All inputs, with download URLs, release versions, dates, and license terms, are documented in DATA_SOURCES.md. Please confirm redistribution terms for your use before reusing the merged table.

Limitations

• Stereochemistry. The default parent key uses the full InChIKey (including stereochemistry layers). Enantiomers and diastereomers are kept distinct by default, but salts and solvates are collapsed. Adjust structure.py if your use case requires connectivity-only collapsing.
• Orphan coverage. ~48% of nodes lack a resolved structure (biologics, mixtures, proprietary compounds).

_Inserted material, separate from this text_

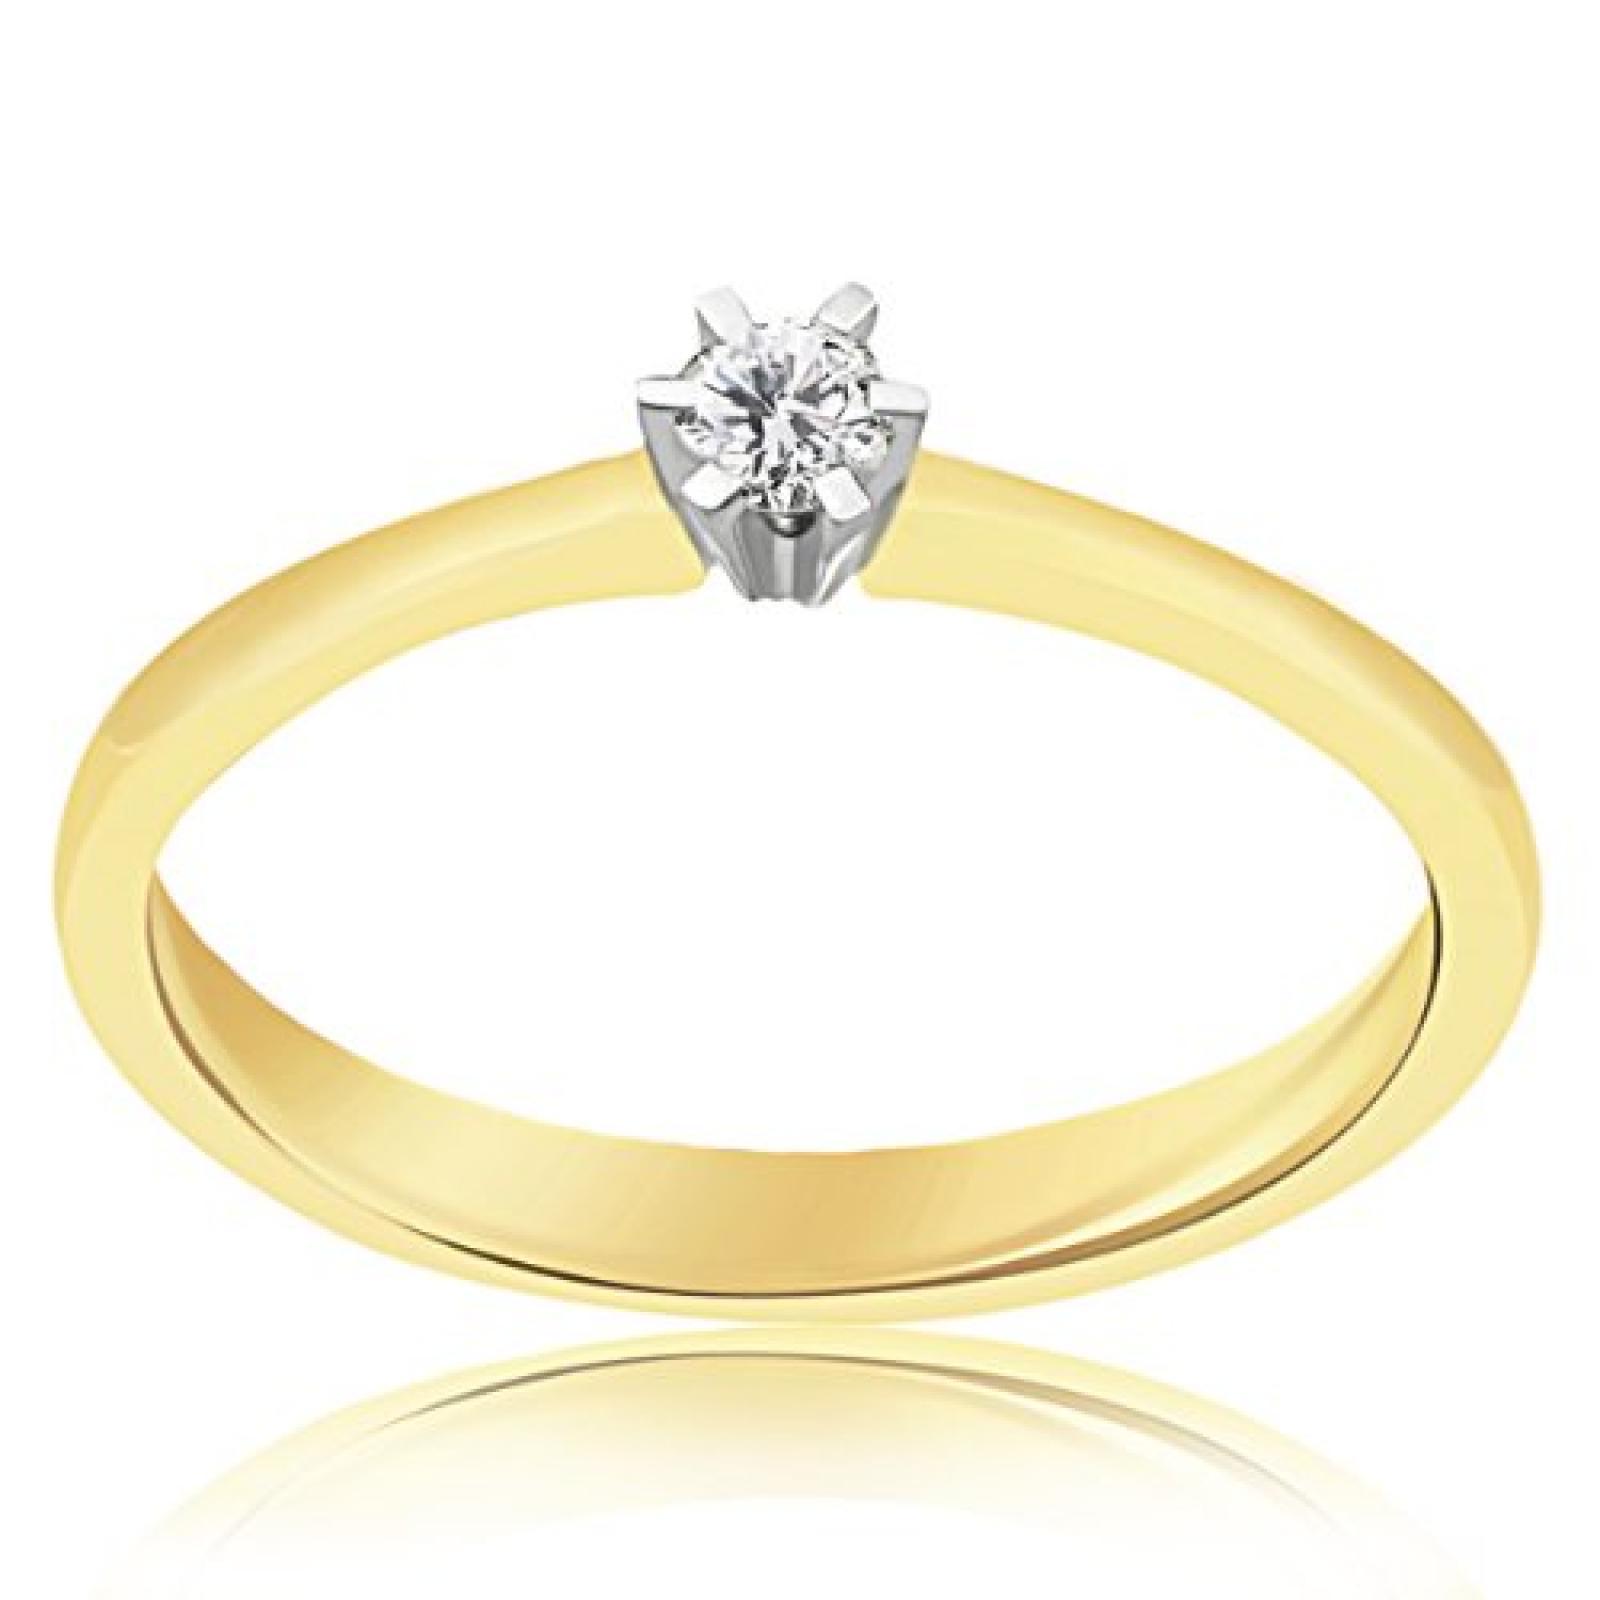 Goldmaid Damen-Ring 585 Gelbgold 1 Brillant 0,10ct So R3986GG

These nodes carry synonyms and xrefs but cannot be validated structurally.
• Enrichment library coverage. Libraries are pre-built and static. Novel compounds added through orphan nodes will not appear in enrichment results unless the library GMT files are updated and build_enrichment_data.py is rerun.

Citing SynDRA

If you use SynDRA, please cite the work (see CITATION.cff):

Corbaci, T. et al. SynDRA: Synonym Mapping for Alignment of Repurposing Therapeutics. Brazilian Symposium on Bioinformatics (BSB), 2025.

License

Code is released under the MIT License. Input datasets retain the licenses of their original providers — see DATA_SOURCES.md.